То, что катушки, которые якобы нашел в гараже Фриманов Дэниэл Смит, к настоящим записям отношения не имеют, стало понятно очень скоро.

К тому времени практически все видеокамеры были обнаружены. Но гараж никто обшарить не додумался. Естественно, никакой картинки из гаража на экраны, находящиеся в штабе проведения операции, не передавалось. Зато все стационарные телефоны (а они были в каждой комнате) прилежно ретранслировали: Дэнни вешает Фриманам и их гостям лапшу на уши; утверждает, что обнаружил эти пленки в гараже.

– Надо опять надавить на Саманту Фриман, – решил шеф, проанализировав последнюю информацию. Повернувшись к Стивену Уэйну, он вздохнул: – Боюсь, что ситуация может выйти из-под контроля.

– Еще надо забрать все материалы из полиции, – подсказал Стив, потирая бритый затылок. – Они начнут делать экспертизы, потом станут копать дальше.

Шеф покачал головой:

– Не станут. Но ты прав, материалы мы изымем. А полицейских попросим еще раз подчеркнуть: Мэрилин Монро покончила жизнь самоубийством. Эта паршивка Линда Грин опять разодрала рану. В СМИ снова черт знает что творится.
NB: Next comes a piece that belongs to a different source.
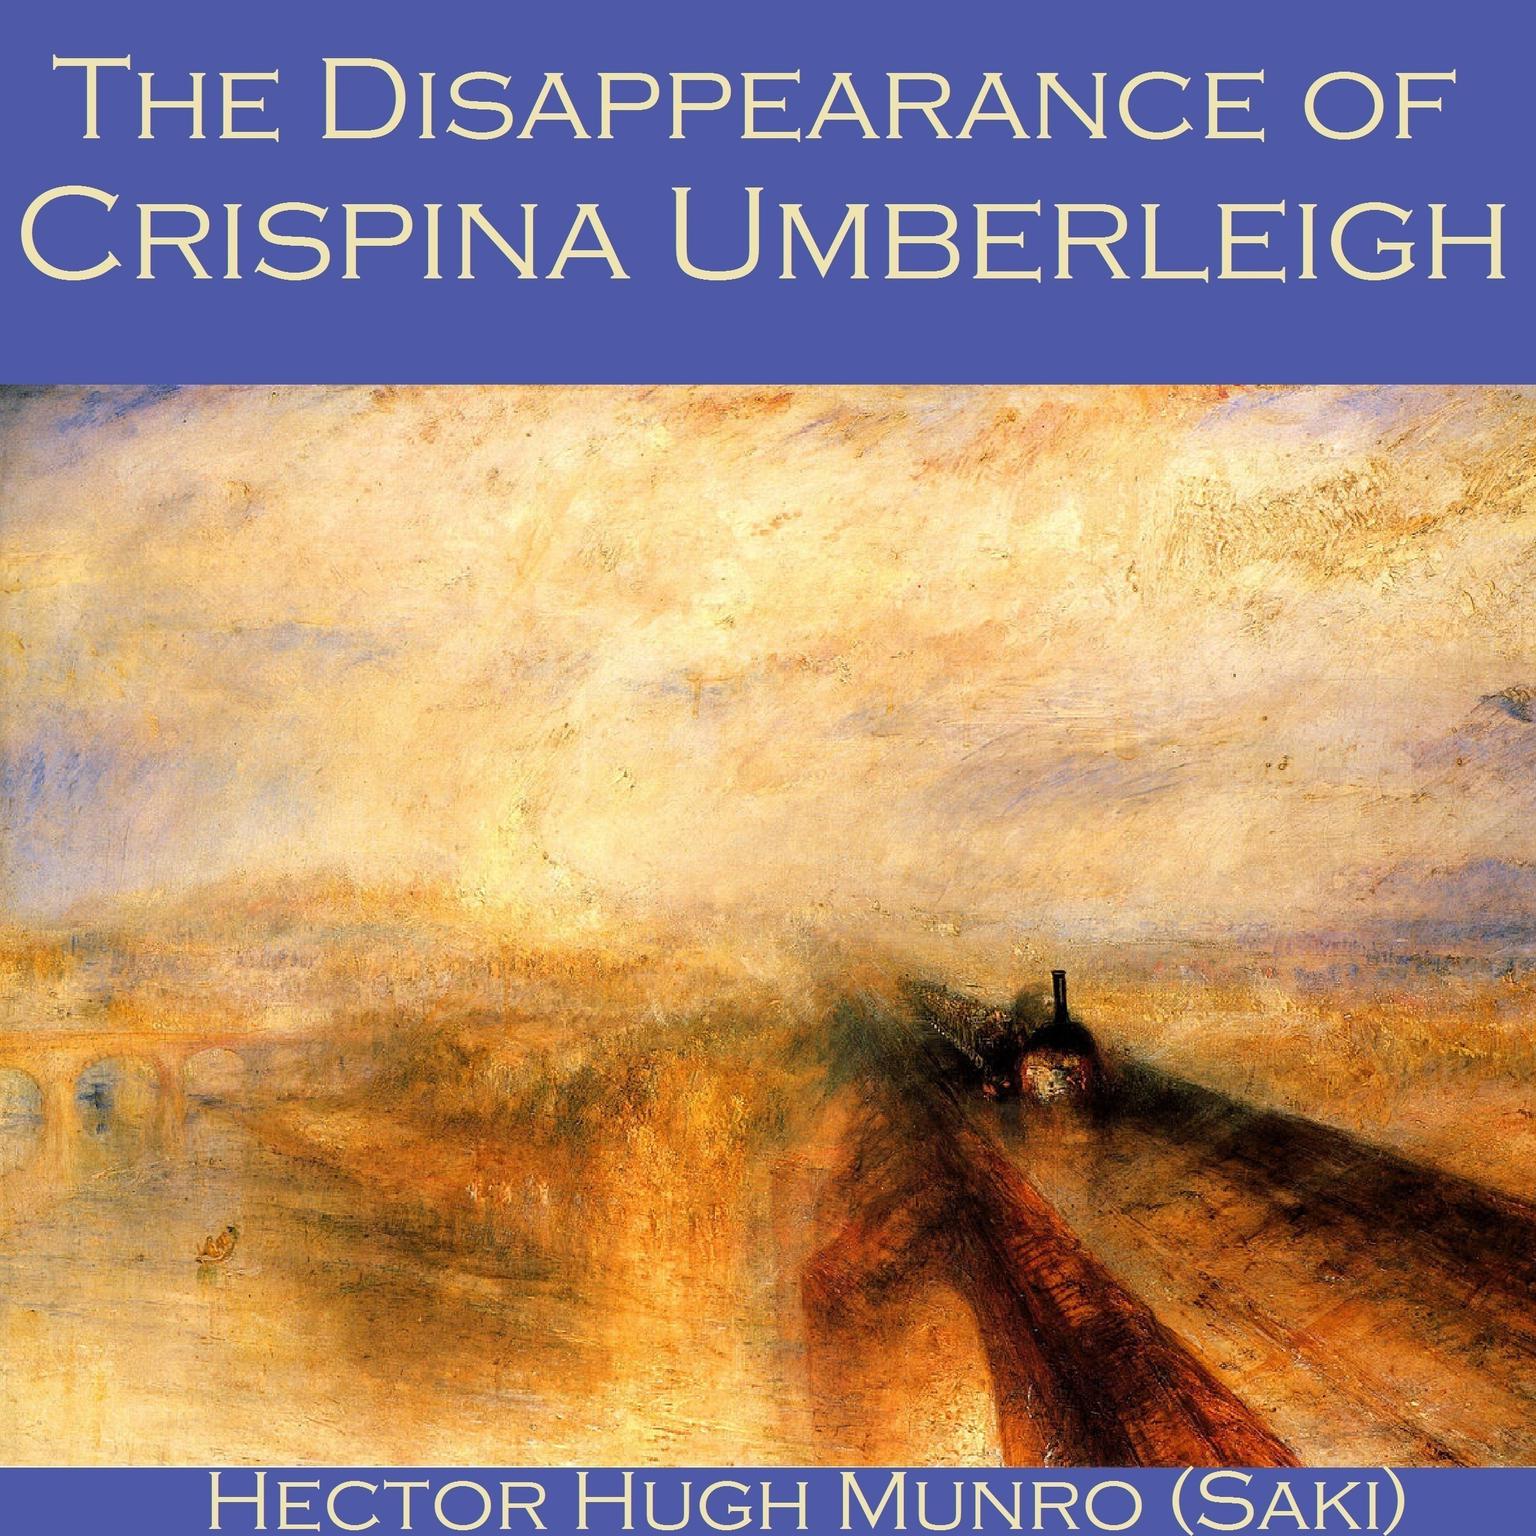 The Disappearance of Crispina Umberleigh Audiobook, by Hector Hugh Munro

Мы потихоньку объясняем журналистам, что к чему, но объем работы огромен...

Тогда шеф еще не знал, что работы будет становиться все больше и больше.

У этих русских был просто талант какой-то – ни о чем не подозревая, доставлять НЦР все новые и новые проблемы.

Это же надо было додуматься – нанять частного детектива для того, чтобы пошпионить за Майклом на предмет супружеской неверности...

За Майклом ходила «наружка», как и за всеми обитателями дома, выбиравшимися на улицу. Шеф все-таки очень рассчитывал, что рано или поздно создастся ситуация, благоприятная для обыска особняка.

Ничего подобного!

Никаких приятных сюрпризов для НЦР. Только пренеприятные.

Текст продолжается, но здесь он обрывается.